# Pros and cons of duck hunting waders



## jaygrout (Mar 4, 2007)

I am in the market for a new pair of waders and was wondering if I could get some imput from you local guys. I am sure the information obtained on this thread will be helpful to many duck hunters.


----------



## D-Fresh (Feb 8, 2005)

http://www.michigan-sportsman.com/forum/showthread.php?t=307365&highlight=waders

Some info in that thread from last week, just like anything else, everyone has their opinion on what they like for waders for a given situation.


----------



## mracine (Apr 8, 2009)

Get something warm!!! I wear the Duck Unlimited 5mm Titanium Chest Wader and I love them.

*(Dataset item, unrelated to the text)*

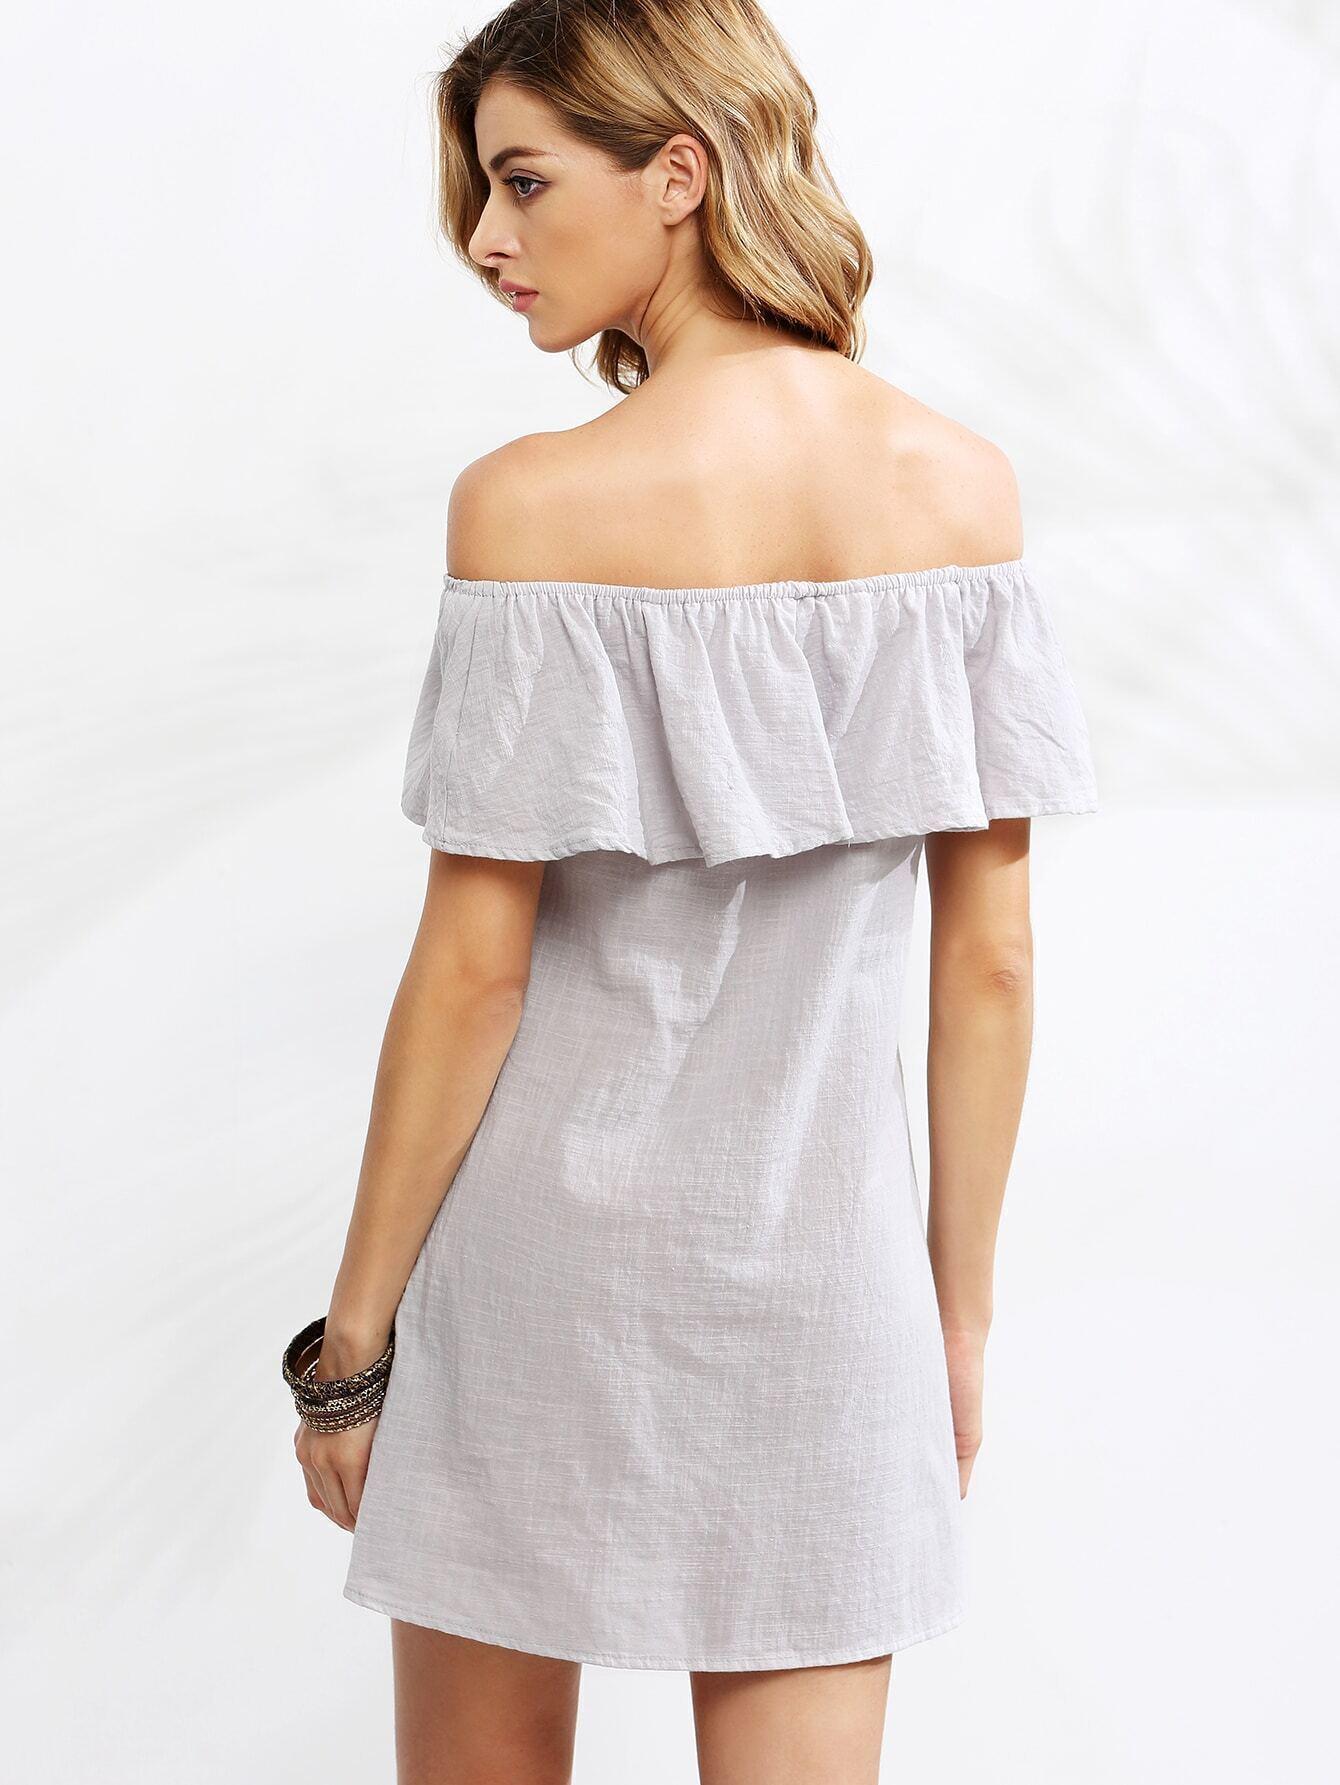 37c4495d03 Grey Off The Shoulder Ruffle Dress EmmaCloth-Women Fast Fashion Online
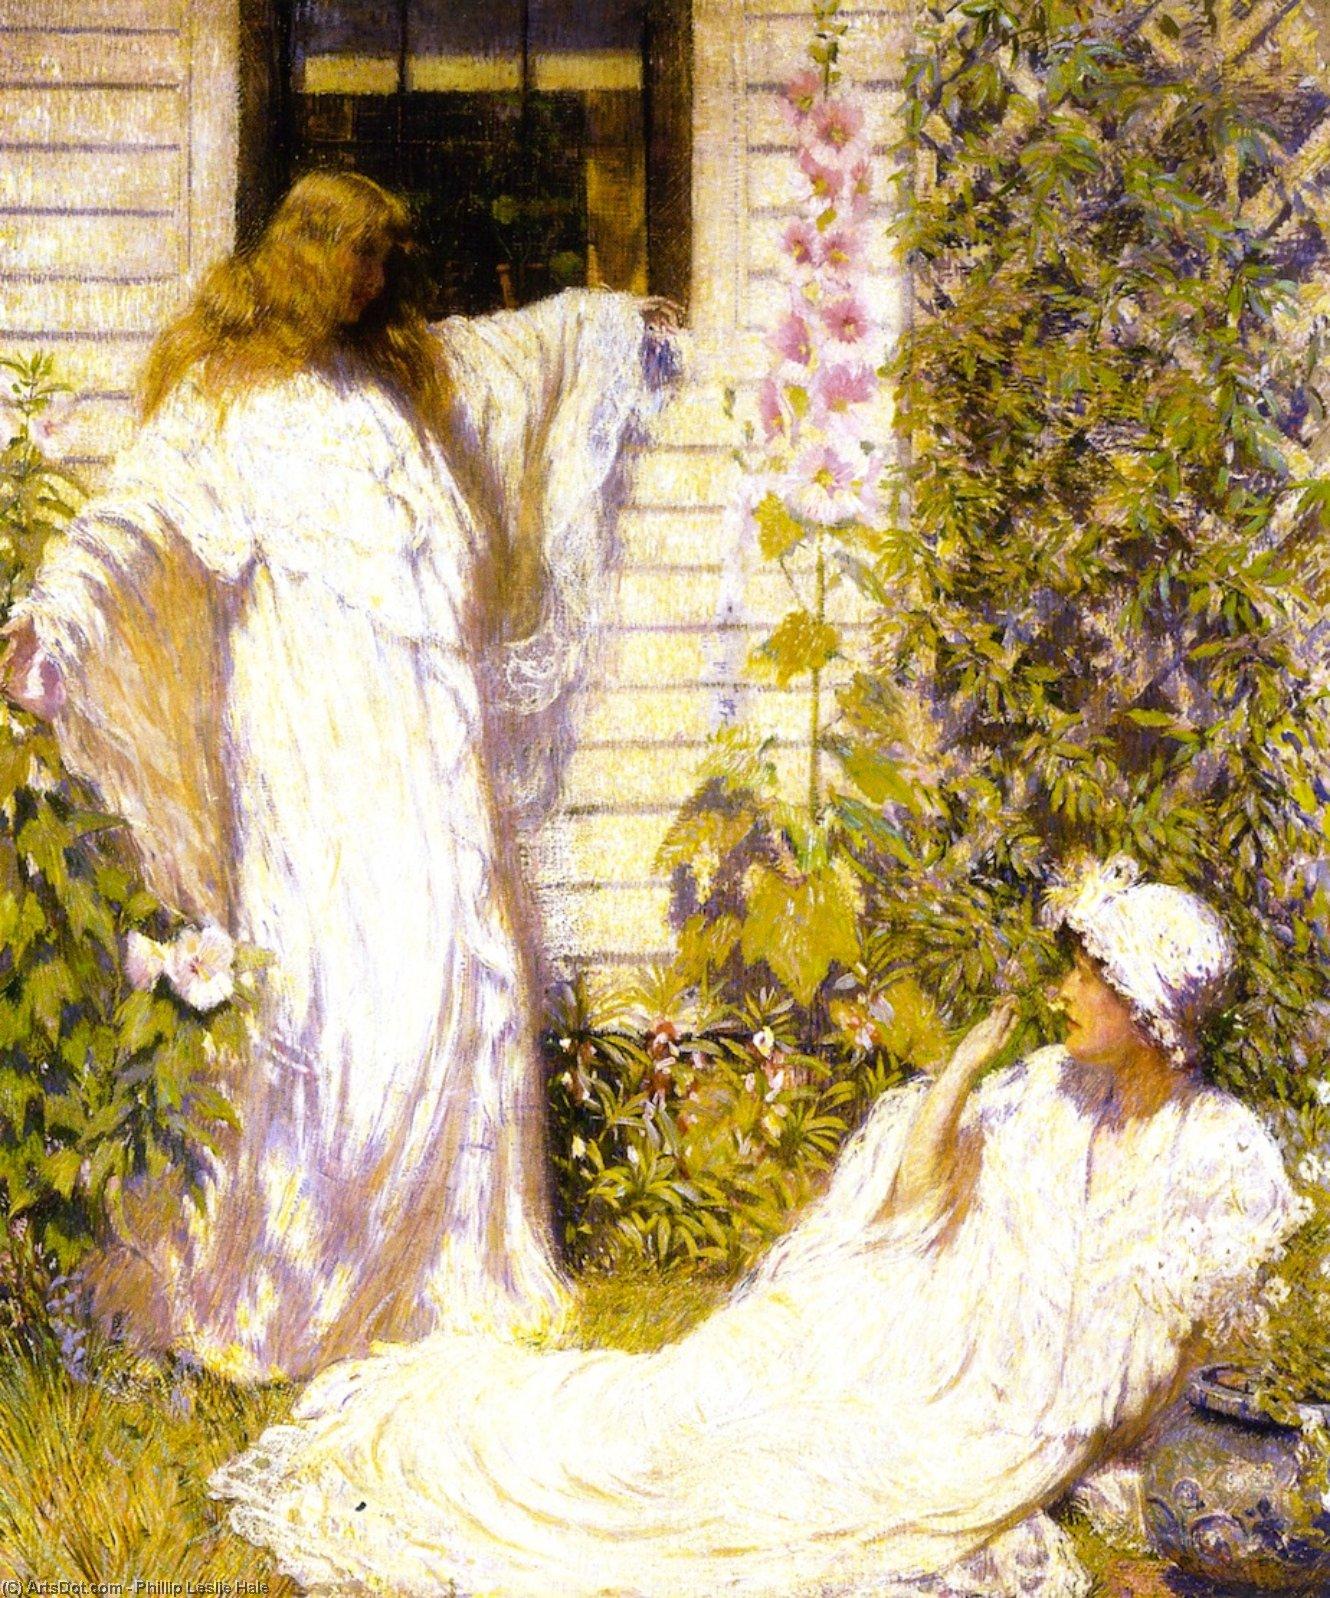 Wikioo.org - The Encyclopedia of Fine Arts - Painting, Artwork by Philip Leslie Hale - Sun Bath

It has 3.5mm neoprene and they seem very durable. No problems yet for their second year of use. I also use them for steel head fishing in the spring. You can't beat anything that keeps your feet warm. Down side is that the Velcro straps may come undone if you put too much weight on them like their 12 shell holder which comes with it. I know there are better waders out there, but for $150 they aren't bad. *
*


----------



## TeamFowlAssassins (Nov 7, 2007)

In my opinion a waterfowler should have 2 pairs of waders. At least that is what I have alway owned, and it's worked out well. One pair of Dry-Plus or something thinner for early season. Then one pair of neopreme's for later in the year. Then you also have an extra pair in case of a leak or issue... Although I purchased a pair of Warrior II waders from Cabelas last year, and they were decently warm later on in the season being I sprung a hole in my neopremes. The only thing I won't like about the lighterweight waders is that they are real flimsy... I like the suction of the neopremes, and if they have fleece lineing they are very warm!!! I've always liked Cabelas waders the best, and the warranty is also very good if you have an issue. I've returned waders, and had a new pair in just over a week later!


----------



## lastflight (Aug 16, 2005)

TeamFowlAssassins said:


> In my opinion a waterfowler should have 2 pairs of waders. At least that is what I have alway owned, and it's worked out well. One pair of Dry-Plus or something thinner for early season. Then one pair of neopreme's for later in the year. Then you also have an extra pair in case of a leak or issue... Although I purchased a pair of Warrior II waders from Cabelas last year, and they were decently warm later on in the season being I sprung a hole in my neopremes. The only thing I won't like about the lighterweight waders is that they are real flimsy... I like the suction of the neopremes, and if they have fleece lineing they are very warm!!! I've always liked Cabelas waders the best, and the warranty is also very good if you have an issue. I've returned waders, and had a new pair in just over a week later!


 

I have a pair of Cabelas Dry plus breathables with 400g in the boots that I use for about 2/3 of the season. 
My second pair is the Cabelas Super Mags (I think that's the name). They are 5mm neoprene and have 1600g in the boots.
The breathables are a lot lighter and more comfortable in general. However when it gets REALLY cold, those heavy neoprenes will keep me warm all day.


----------



## j_blocker (Feb 20, 2002)

ditto on what's been said, I've been wearing the dry-plus with 400 gram insulation all year for the last couple seasons.


----------



## donbtanner (Sep 26, 2007)

I like my Hodgeman neoprenes w\ 400-600gms thinsulate in the boot. I have had this pair for 3 years and other than me putting holes in them, which btw are easy to fix(I have put 4 holes in them), they are still leak proof. I also like two pairs of waders as well but not for different weather conditions, but to lett one pair sit and dry on boot dyer while I hunt in the other...... These are very warm waders.....


----------



## justbehindit (Nov 30, 2005)

I have a pair of Cabelas breathable waders which I use most of the season. A good pair of long johns and wool pants keep you just as warm as neoprene and you have more freedom of movement.


----------



## BFG (Mar 4, 2005)

As stated above...breathables for the first 2/3 of the season, 5mm neoprene for the rest. 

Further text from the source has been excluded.